Top candidates for statewide office say they want the legislature to reconsider its actions. Hal Weatherman, the GOP lieutenant governor candidate who would administratively preside over the Senate if elected, wants the General Assembly to be more transparent in assembling the budget.
“I’m all in favor of transparency,” Weatherman said. “I believe that daylight shined on things is a good thing and in the public’s best interest.”
Democratic state Sen. Rachel Hunt, who is running for lieutenant governor, was among the handful of lawmakers who provided at least some of her legislative communications. She said she voted against the budget in part because of the public records provisions.
“I believe in a transparent government where citizens can hold their elected officials accountable,” Hunt said in a statement.

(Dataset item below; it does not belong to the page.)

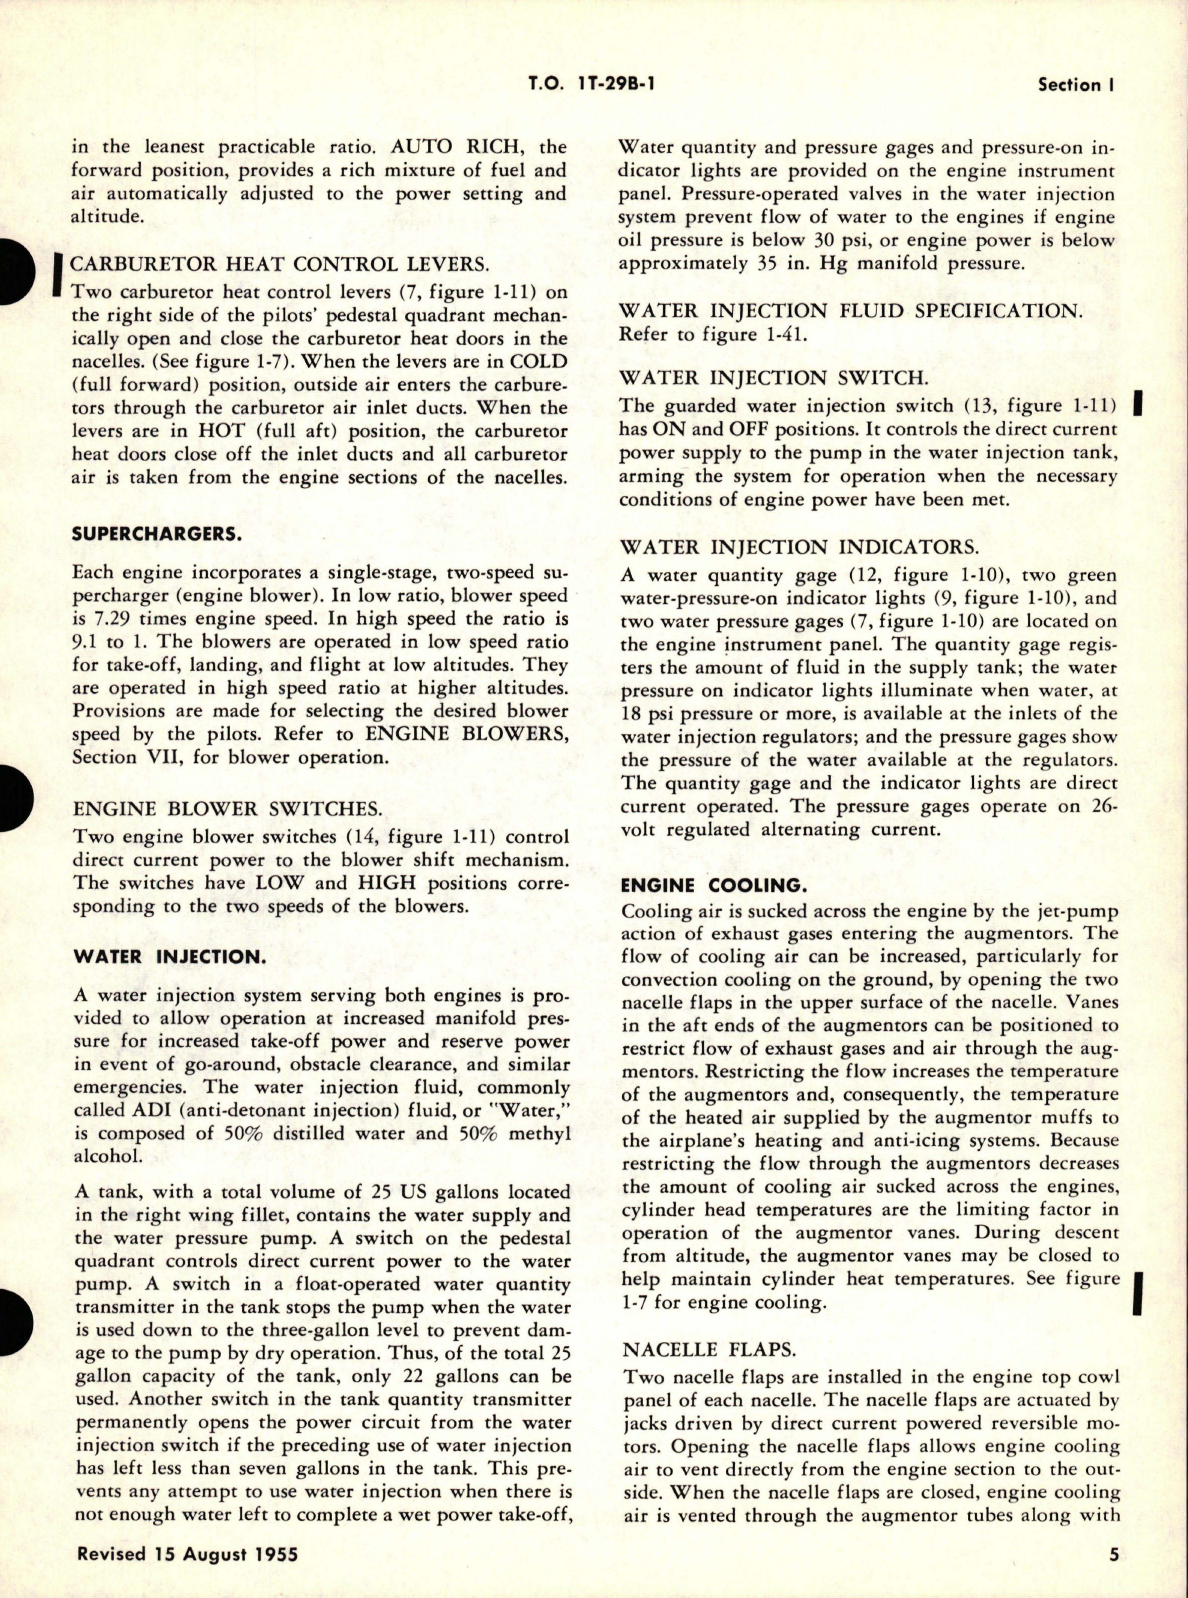 Sample page 7 from AirCorps Library document: Flight Handbook for T-29B

Republican Lt. Gov. and gubernatorial candidate Mark Robinson told me in October that he’d follow up on a question about the public records law changes. He never did.
Instead, Robinson’s campaign spokesman Mike Lonergan said in an emailed statement, “While we can’t speak to the intent of the legislature, as lieutenant governor, Mark Robinson has made transparency a top priority and will continue to do so as governor.”
In 2021, Robinson came under scrutiny for assembling a task force to investigate claims of indoctrination in K-12 public schools, which produced a report. The names of those who submitted complaints were later redacted. The task force also appeared to violate the state’s open meetings law by not providing any advance notice to the public for when the group met, nor any meeting minutes, list of attendees or audio or video.
Democratic Attorney General and gubernatorial candidate Josh Stein thinks voters ought to have greater access to legislative communications. “Elected officials should be working to make our government more transparent and accountable, not less,” Stein said.
Stein has generally pushed for greater governmental transparency, particularly through a database tracking opioid settlement funds.
U.S. Rep. Dan Bishop, the GOP nominee for attorney general, didn’t respond to a request for comment.
U.S. Rep. Jeff Jackson, a former state lawmaker who is now running against Bishop, said, “Lawmakers shouldn’t be exempting themselves from public records requests. The public’s trust in elected officials is already at rock bottom. You have to show them a higher level of transparency, not put more walls up.”